WHAT TO DO: Retype exactly every line from the one that includes "Handmade Mother of" through the final line of the listing, both ends kept, and omit the pictures.

DATA BLOCK:

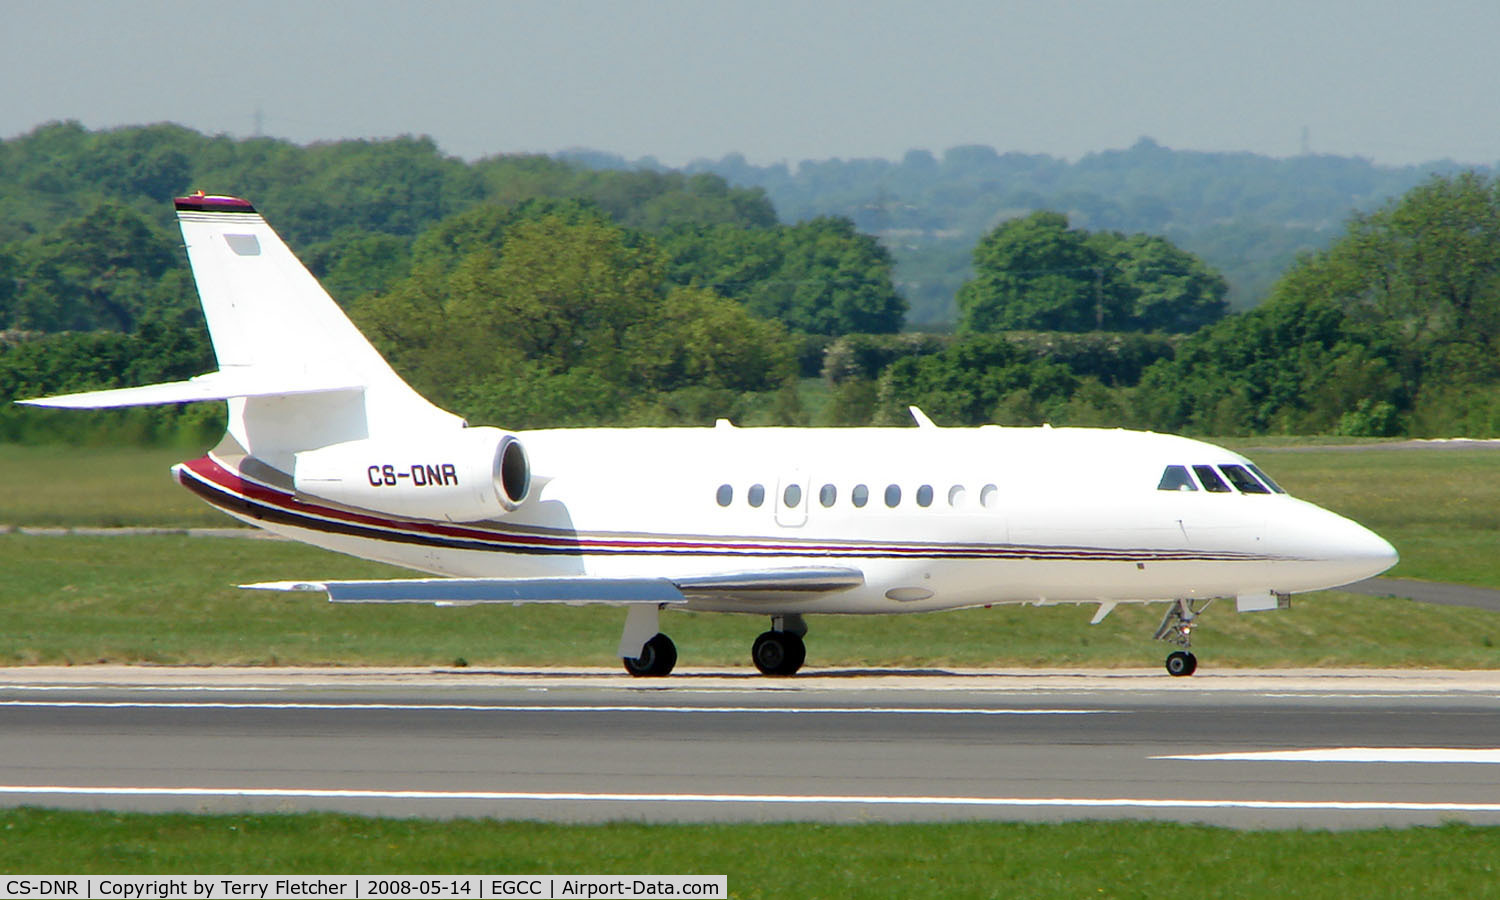 CS-DNR, 2000 Dassault Falcon 2000 C/N 120, Some of the typical traffic that can be seen at Manchester (Ringway)  International
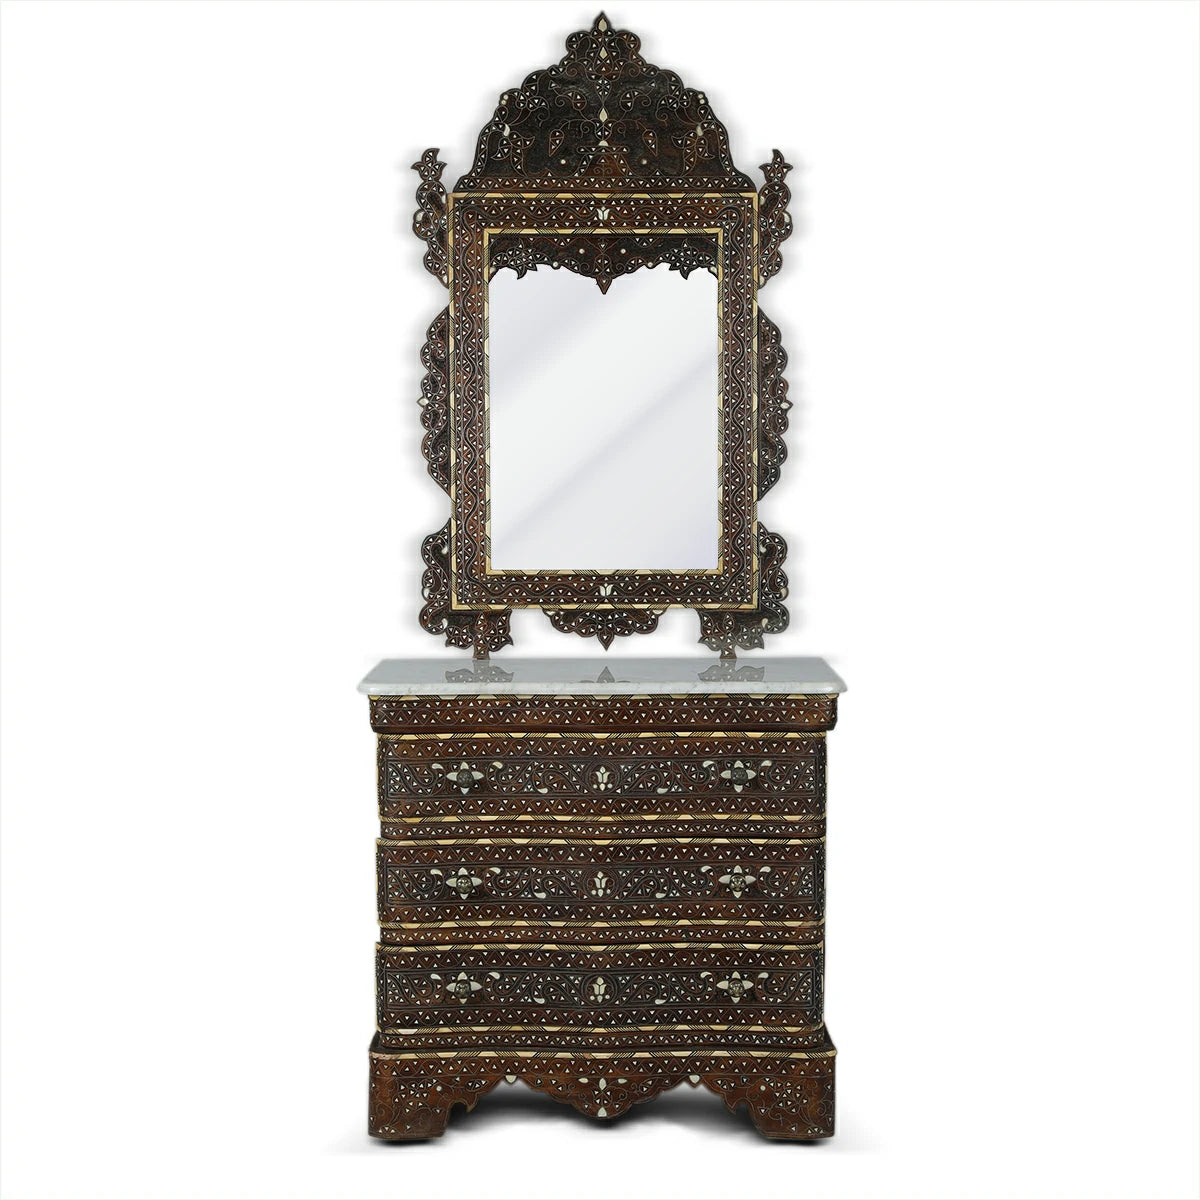 Handmade Mother of Pearl, Camel bone Inlaid Carved Walnut Wood Mirror & Chest of Drawers with White Marble Top
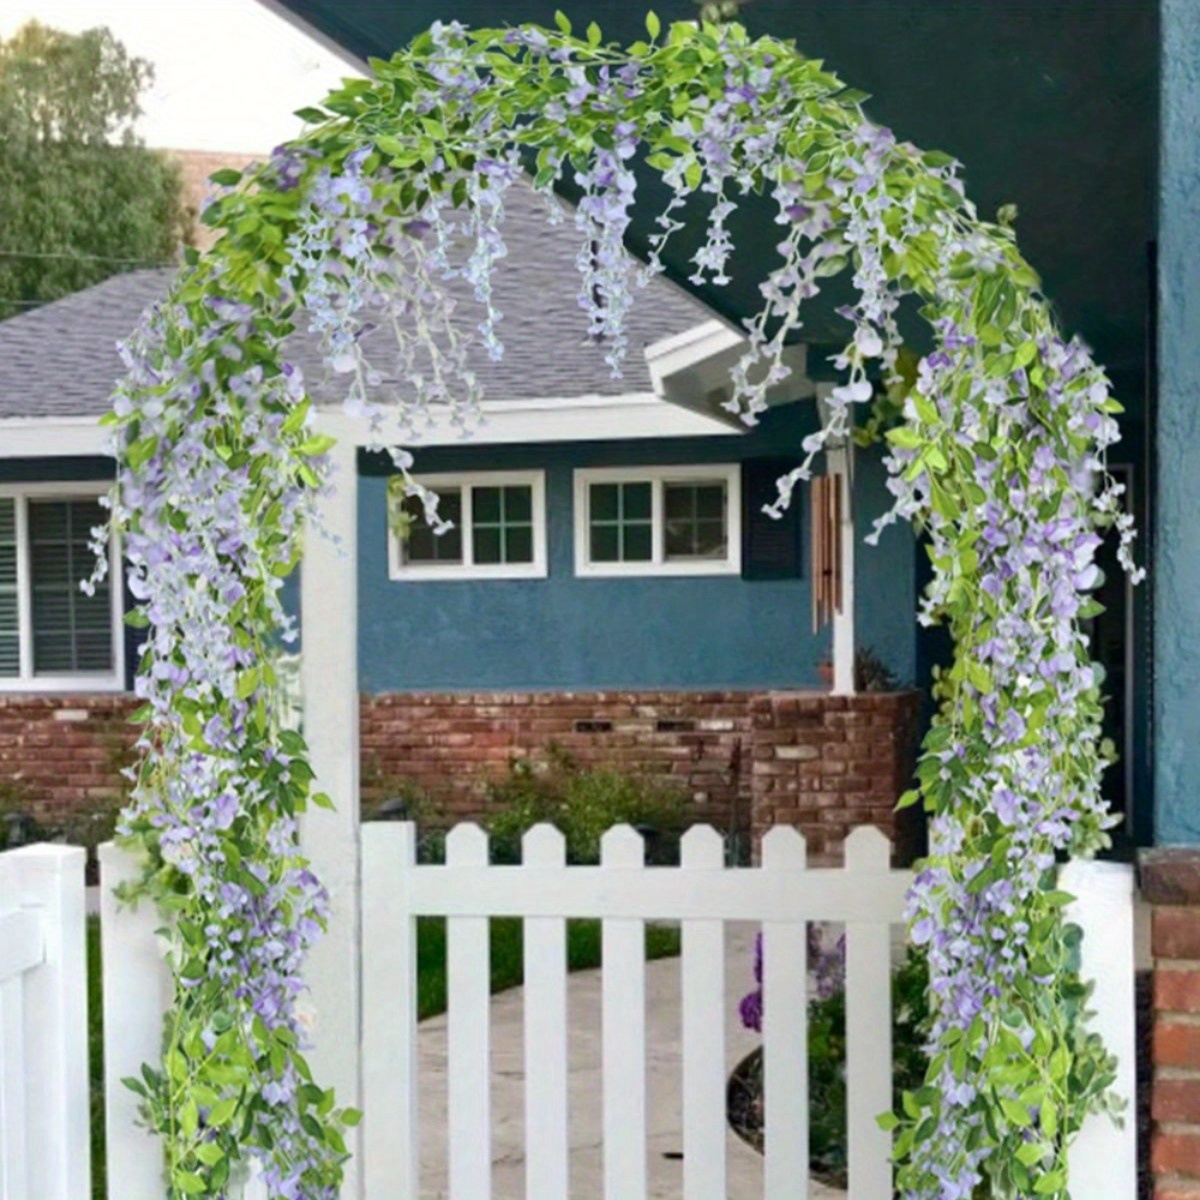 

2 Pcs 5.9ft Artificial Flowers Wisteria Garland Artificial Wisteria Vine Hanging Flower Greenery Garland For Home Garden Outdoor Wedding Arch Floral Decor For Wedding Decoration, Valentine's Day Decor
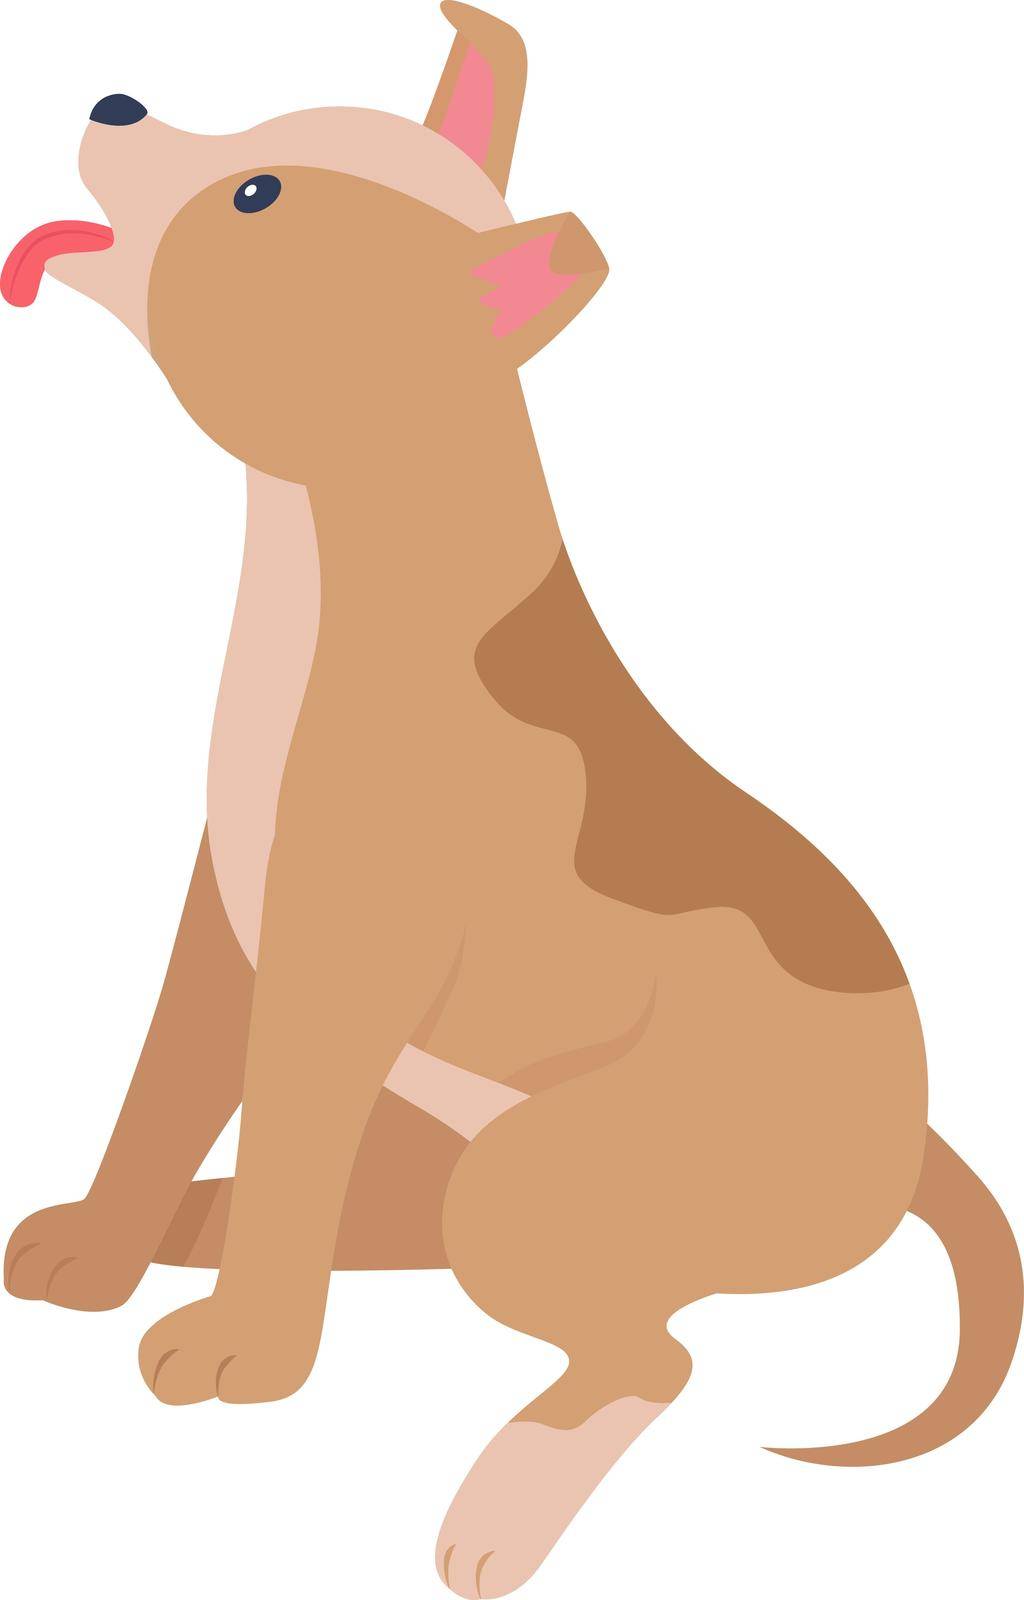 Adopt puppy from abroad semi flat color vector character by ntl

ANSWER BELOW:
 Handmade Mother of Pearl, Camel bone Inlaid Carved Walnut Wood Mirror & Chest of Drawers with White Marble Top

2 Pcs 5.9ft Artificial Flowers Wisteria Garland Artificial Wisteria Vine Hanging Flower Greenery Garland For Home Garden Outdoor Wedding Arch Floral Decor For Wedding Decoration, Valentine's Day Decor
 Adopt puppy from abroad semi flat color vector character by ntl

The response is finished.